# Excuse me?



## its anobrain (Mar 4, 2015)

One of my biggest fears as someone with SA is saying "excuse me" to people when I want to get past, and I will often walk all the way around the perimeter of a room to get somewhere that I could have just walked past somebody to get to.
I feel like if I could get over this fear, I would be making good progress in recovery, as I want to be a little more confident before I graduate high school in a couple of months. Wish me luck! :um


----------



## Mxx1 (Feb 3, 2015)

Ah, same here. I hate asking people to move, because i'm afraid they get mad and then i just end up talking in a very low voice. Because it gets awkward, i really hate having SA :S 
but i hope it goes well with your high school graduation and you get more confidence  I hope i get more confidence this year too.


----------



## BehindClosedDoors (Oct 16, 2014)

That doesn't bother me at all, I'm great with random bits of conversation with strangers in public. It's when things turn more personal that I freeze up. I literally can't get close to new people without running from it.


----------



## its anobrain (Mar 4, 2015)

Mxx1 said:


> Ah, same here. I hate asking people to move, because i'm afraid they get mad and then i just end up talking in a very low voice. Because it gets awkward, i really hate having SA :S
> but i hope it goes well with your high school graduation and you get more confidence  I hope i get more confidence this year too.

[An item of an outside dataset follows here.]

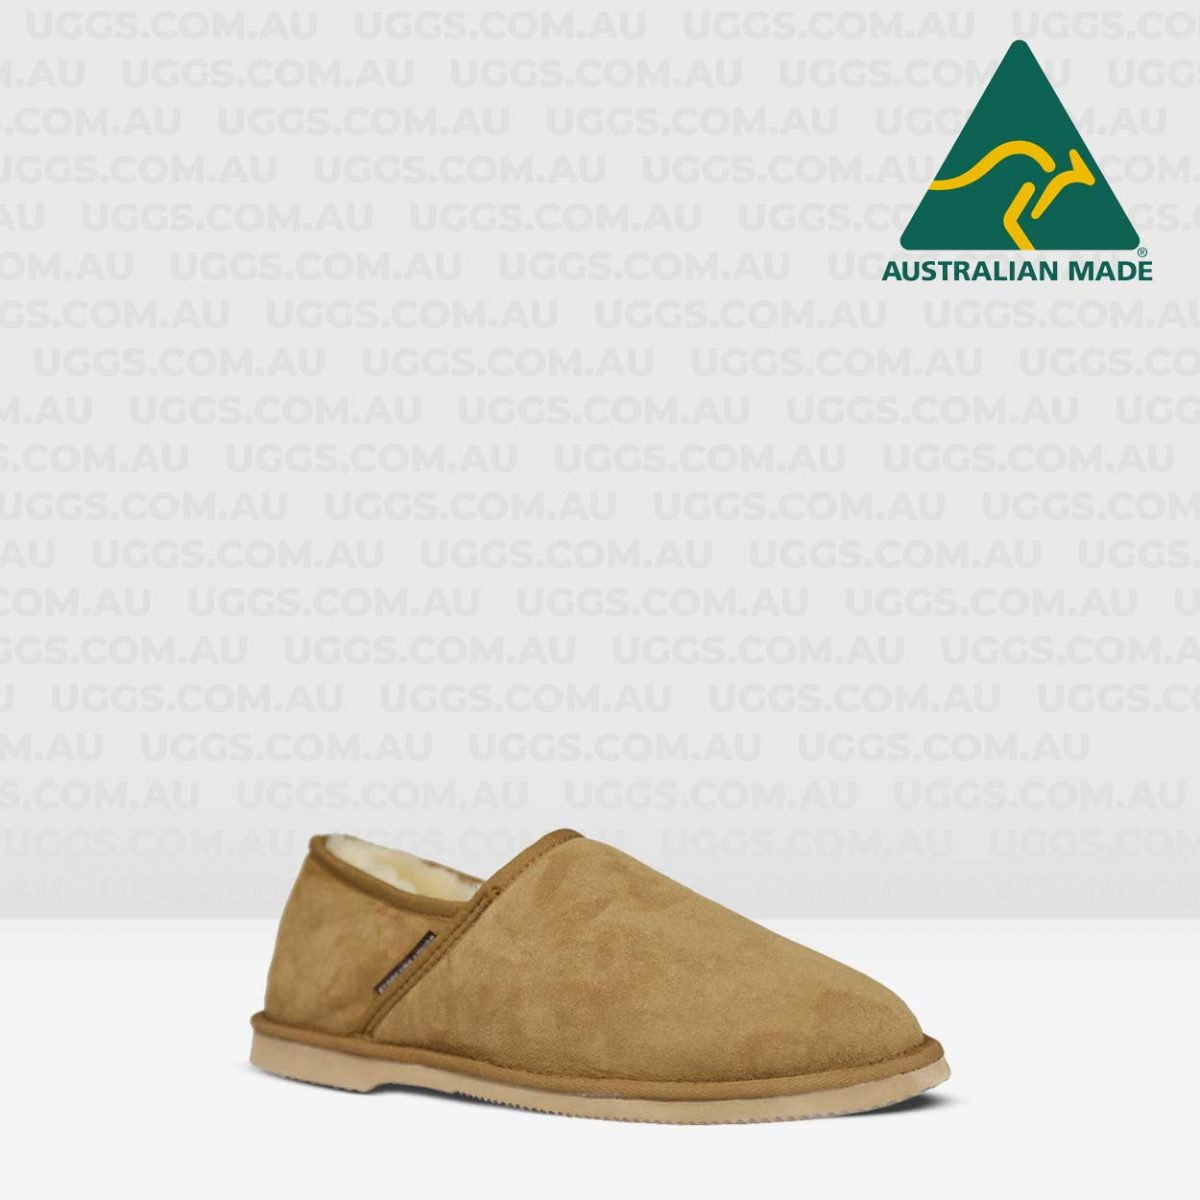 sheepskin ugg slippers chestnut
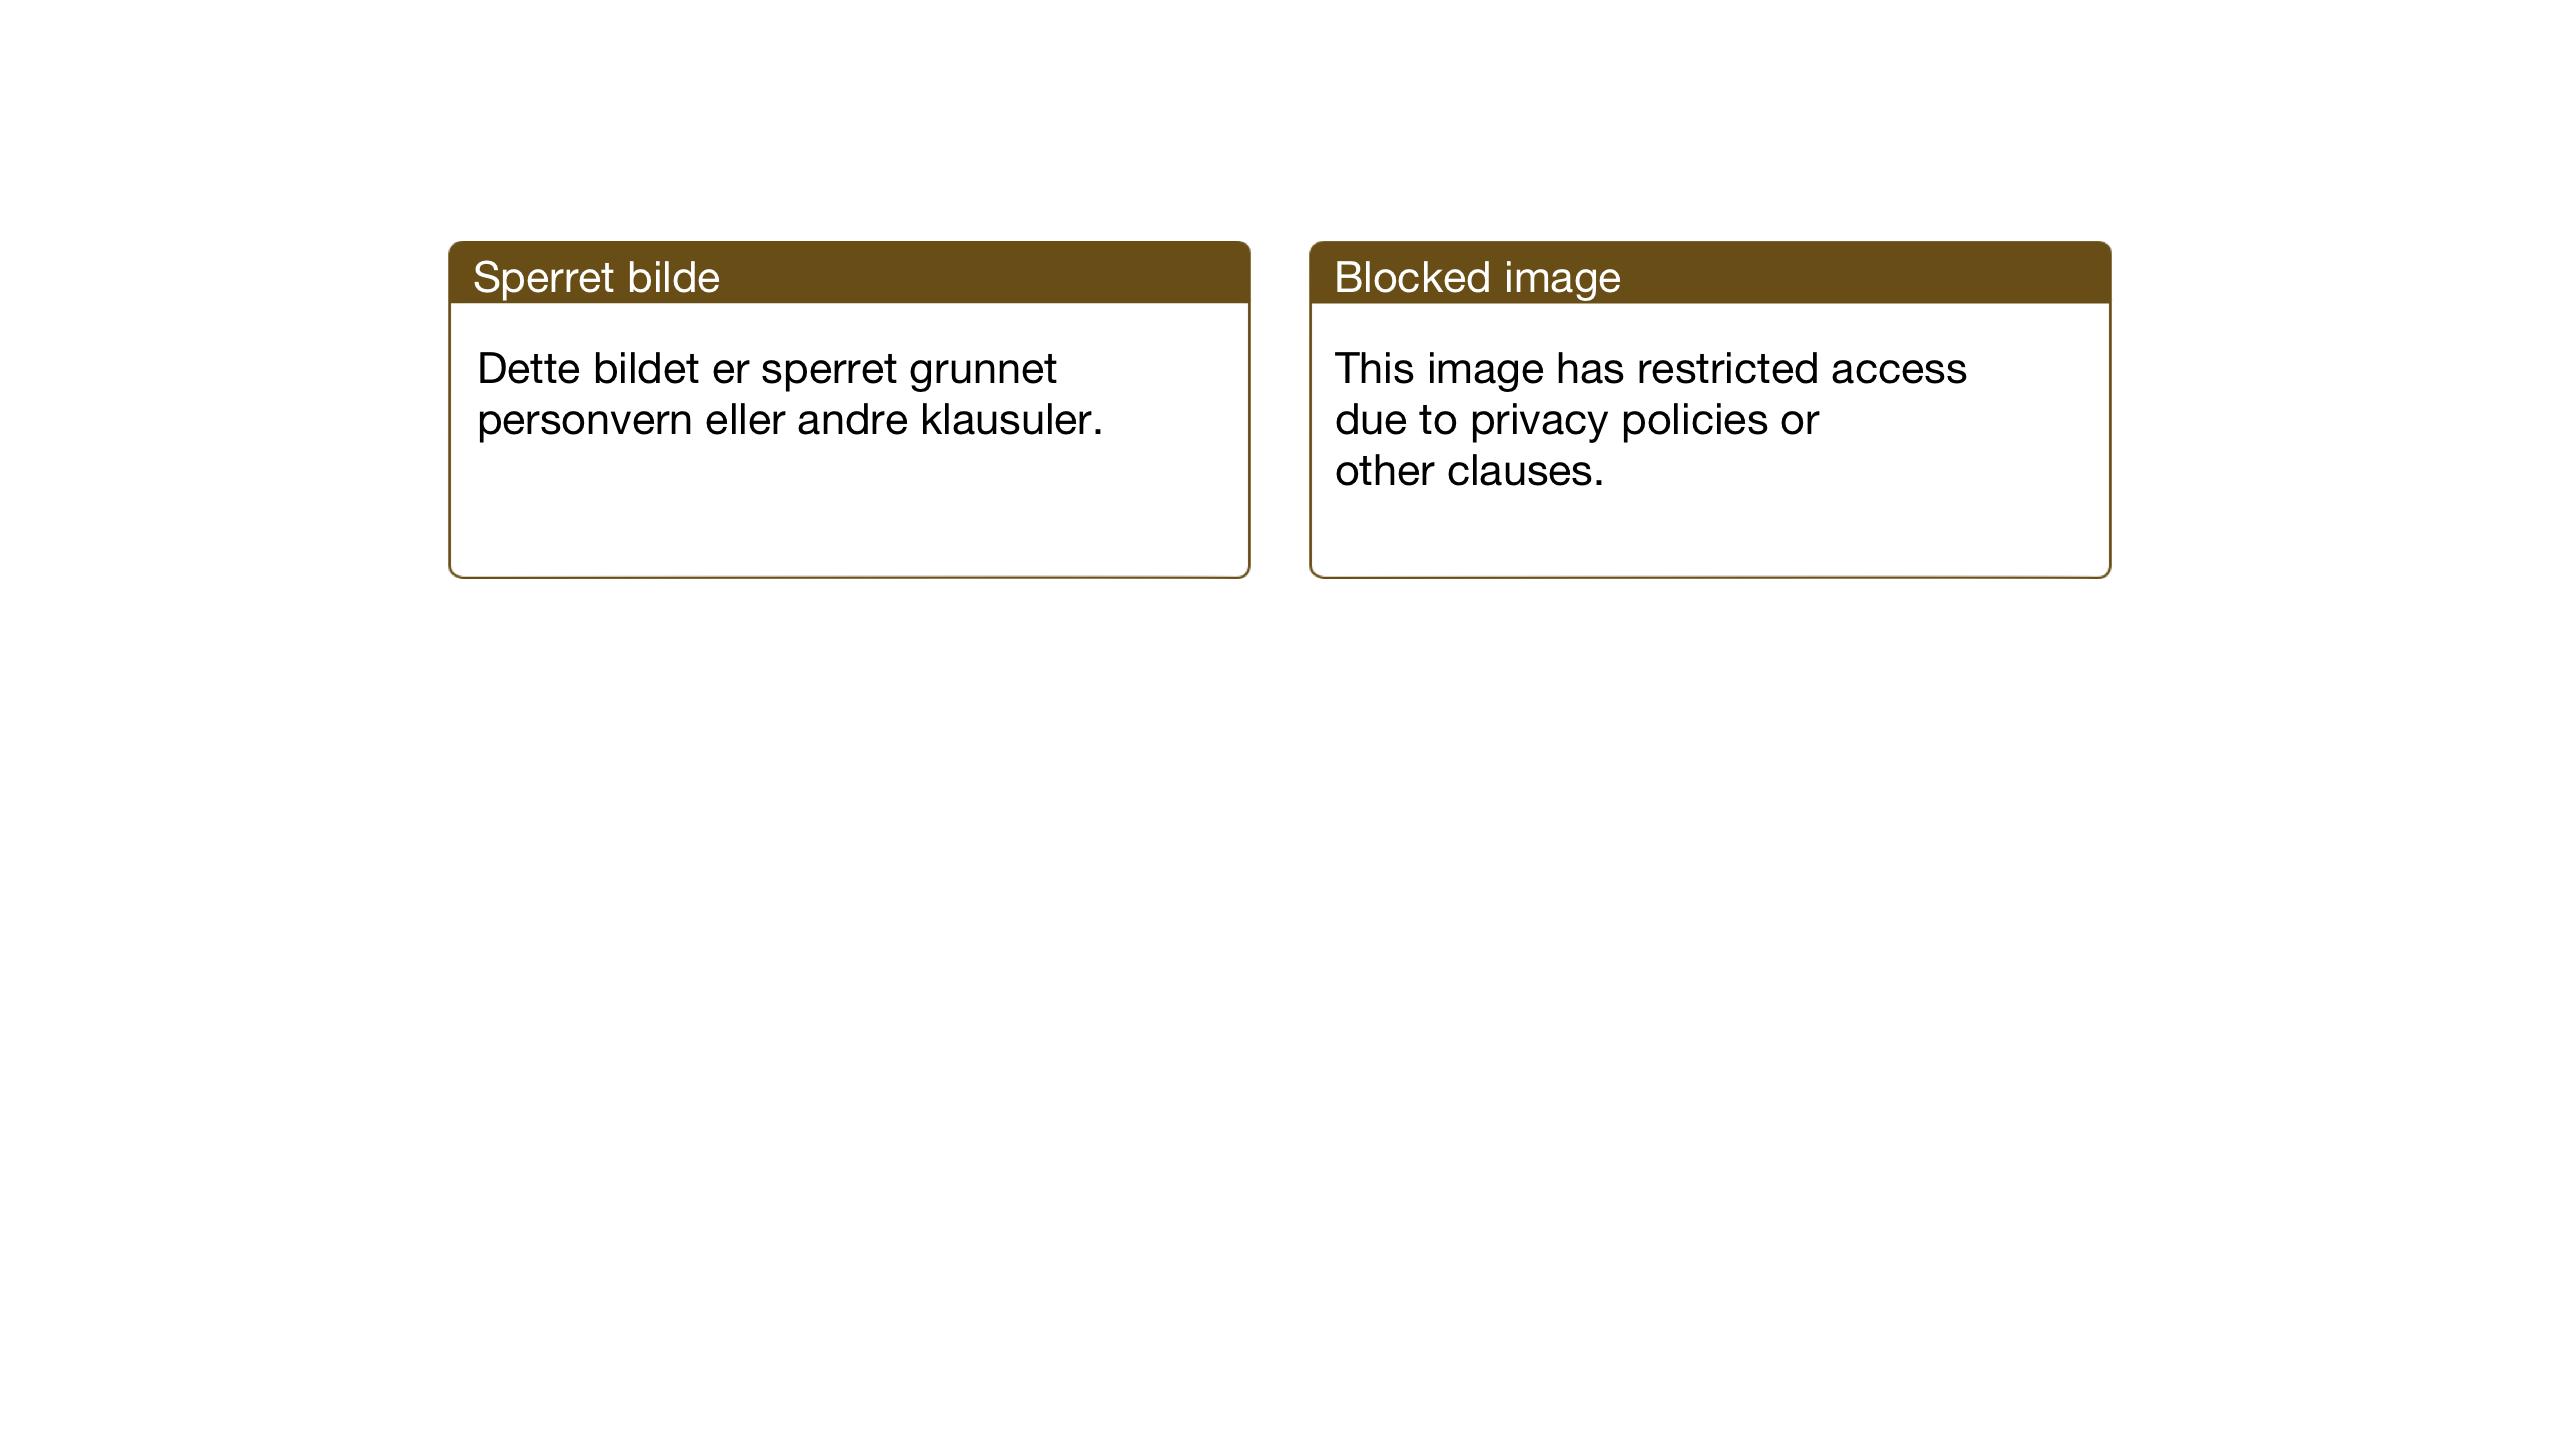 SAT, Ministerialprotokoller, klokkerbøker og fødselsregistre - Sør-Trøndelag, 669/L0832: Klokkerbok nr. 669C02, 1925-1953, s. 71

That's exactly how I feel too, haha! Thank you and good luck to you this year also!


----------



## BuggingMe (Feb 27, 2015)

I usually stand in front of them waiting for them to realize that they are in my way, it works most of the time.


----------



## Inknotmink94 (Mar 5, 2015)

Ya, I have that on bad days. Some days are fine but others I just want zero interaction with people, even if it's just to say excuse me.


----------